The Diccionario crítico etimológico de la lengua castellana is a four-volume etymological dictionary of Spanish compiled by the Catalan philologist Joan Corominas (1905-1997), and first published by Francke Verlag in Bern, Switzerland, in 1954.

Its publication was followed in 1961 by that of a single-volume abridged version (Breve diccionario etimológico de la lengua castellana), and in the 1980s by a six-volume revised and expanded version (retitled Diccionario crítico etimológico castellano e hispánico).

This dictionary was praised for its ambitious approach, its exhaustive coverage of the material, its meticulous documentation, and its unprecedented candor about the unknown. As Josep Pla said: "... I have the feeling that is one of the hardest works in the country, done with a safe, rhythmic and continuous effort.. The Critical & etymological Dictionary is what it has been left behind a lonely, restless lifetime of effort...".

==Orientation of the dictionary==

The Diccionario crítico etimológico de la lengua castellana is directed to the specialist.
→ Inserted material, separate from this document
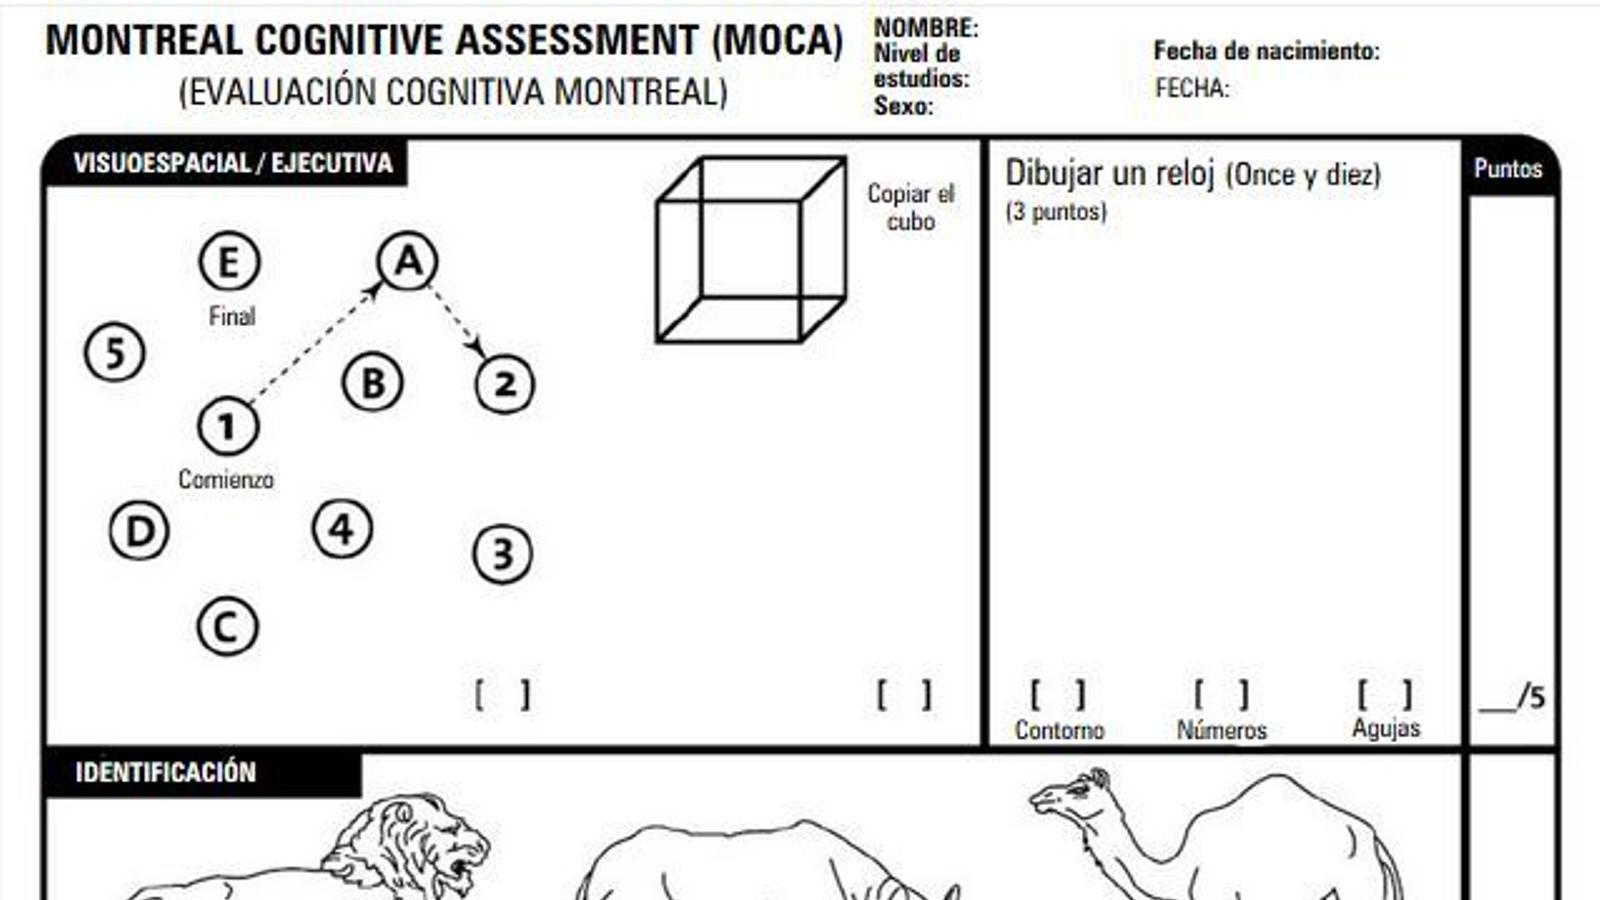 Test de Montreal sobre demència

Many of its entries are true scientific articles, including proposals both from the author and from third parties (referencing all of them), with the testimony of other languages, both neighbouring and geographically more distant (Catalan, Old French, Baltic, High German, Old English, Nordic, Taino, Nahuatl, etc.), weighing and dispensing formulas with some opinions from conclusive studies, and finally giving a diagnosis.
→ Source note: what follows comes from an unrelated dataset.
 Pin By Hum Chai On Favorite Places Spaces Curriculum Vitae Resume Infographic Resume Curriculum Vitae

The Corominas, as it is known informally, is characterized by a great intellectual honesty and respect for the viewpoints of others. Where an etymological conclusion can be stated with certainty, the author presents it in clear terms and with supporting arguments. The dictionary copes with a uniquely large body of data, and competing arguments are fully documented. Sample pages can be seen online.

== Content ==
This work has been called simply "the best etymological dictionary of Spanish." Throughout almost five thousand pages, Corominas establishes the origin and development of Castilian vocabulary, both archaic and modern, Peninsular and Latin American, often referencing other Iberian and Romance languages.
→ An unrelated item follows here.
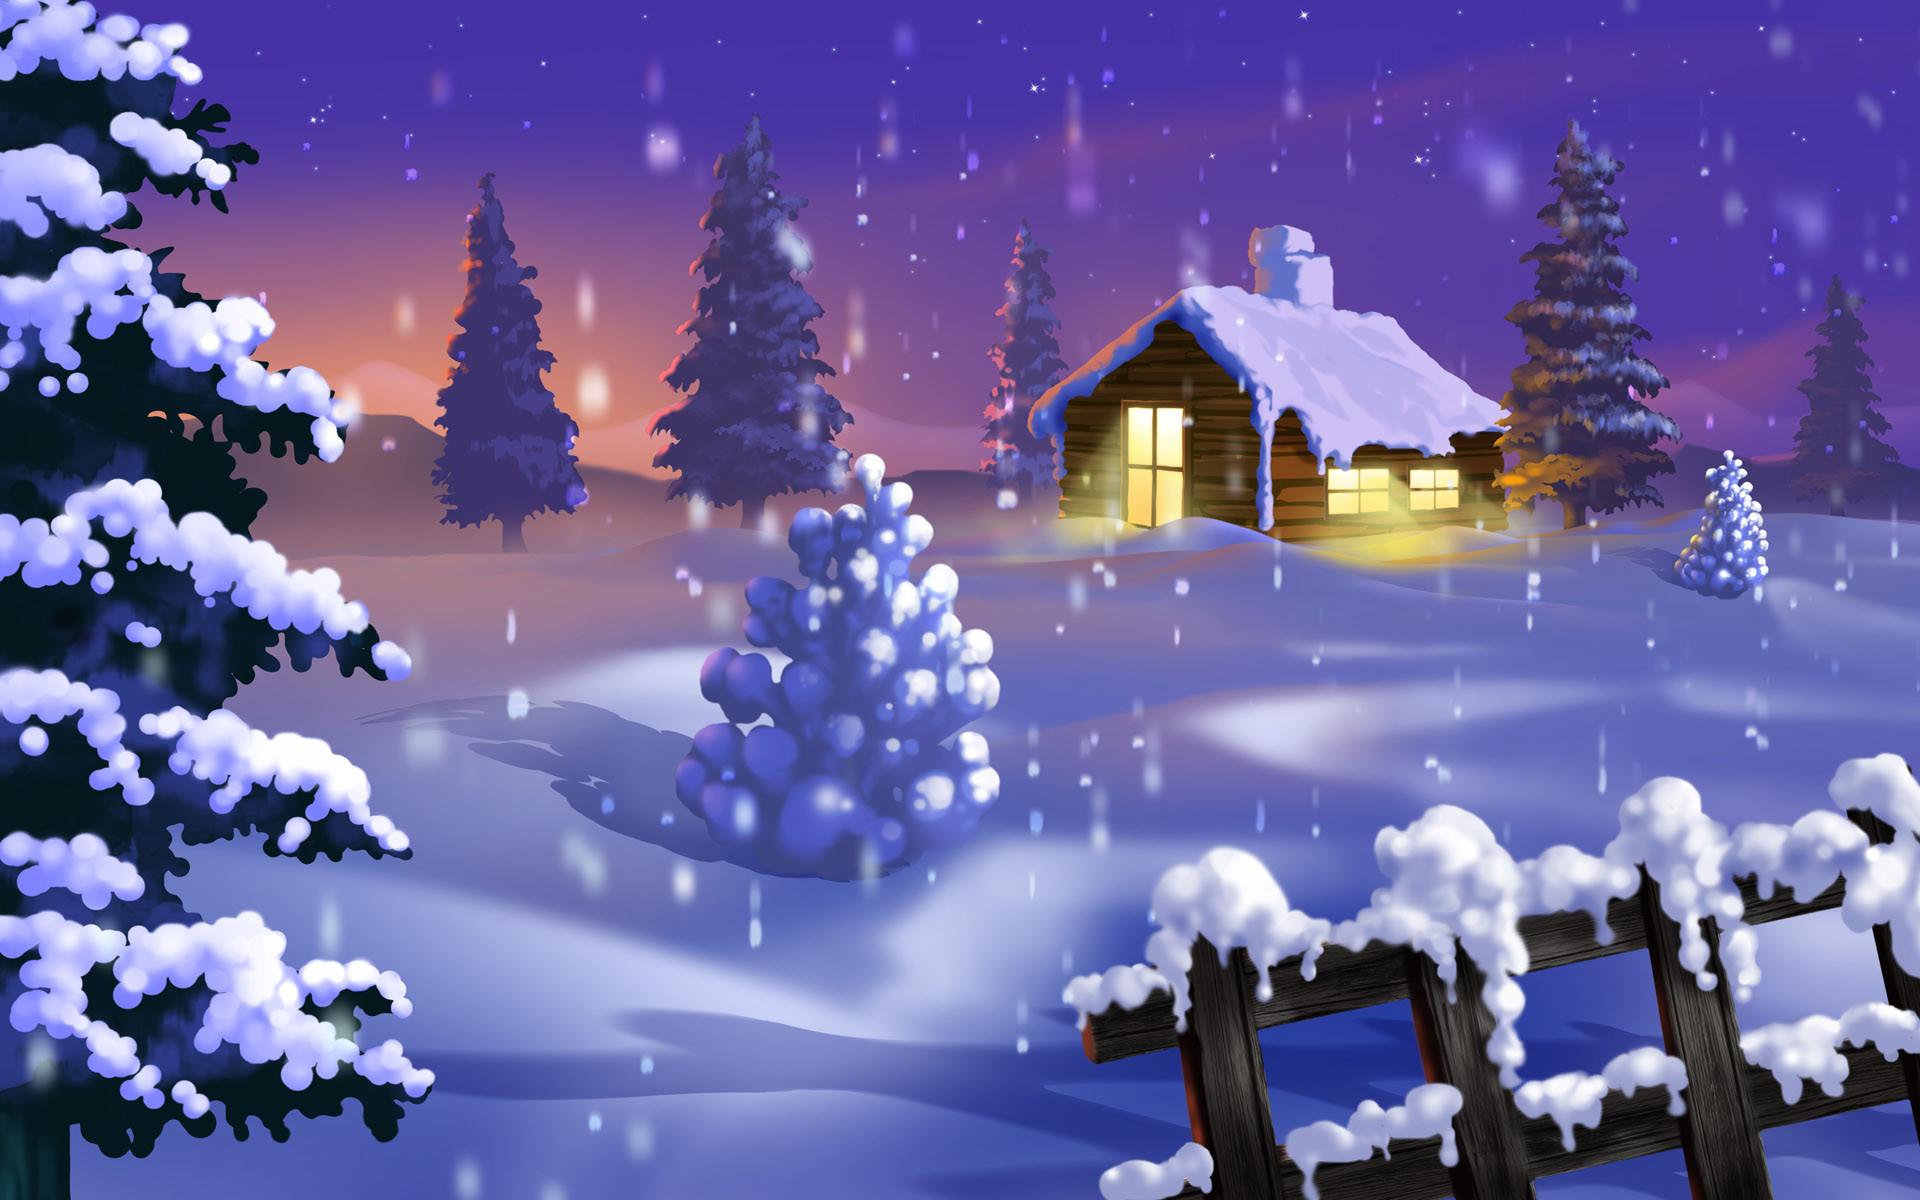 Christmas Wallpaper for Desktop puter 54 images

This project was begun in parallel with the author's other magnum opus, the Diccionari Etimològic i Complementari de la Llengua Catalana, an etymological dictionary of Catalan. Its lexical data base includes all the languages and dialects of the Iberian Peninsula (as well as others from beyond), including Catalan, Galician, Basque, Leonese, Judaeo-Spanish, Mozarabic, Portuguese, and Occitan/Provençal.

An essential aspect of the dictionary is its critical character. The author supports his etymological judgments and dates of first documentation by citing earlier dictionaries and historical texts, showing in detail why he accepts or rejects previous scholarship.

The Seminari de Filologia i Informàtica at the Autonomous University of Barcelona began a project in 1992 to put the dictionary in digital form.

== See also ==
- Joan Corominas
- Diccionario crítico etimológico castellano e hispánico
- Brief etymological dictionary of the Spanish language
- Diccionari Etimològic i Complementari de la Llengua Catalana

== Bibliography ==
- Agustí, Lluís (2000). "El Diccionario [crítico] etimológico castellano e hispánico de Corominas/Pascual veinte años después"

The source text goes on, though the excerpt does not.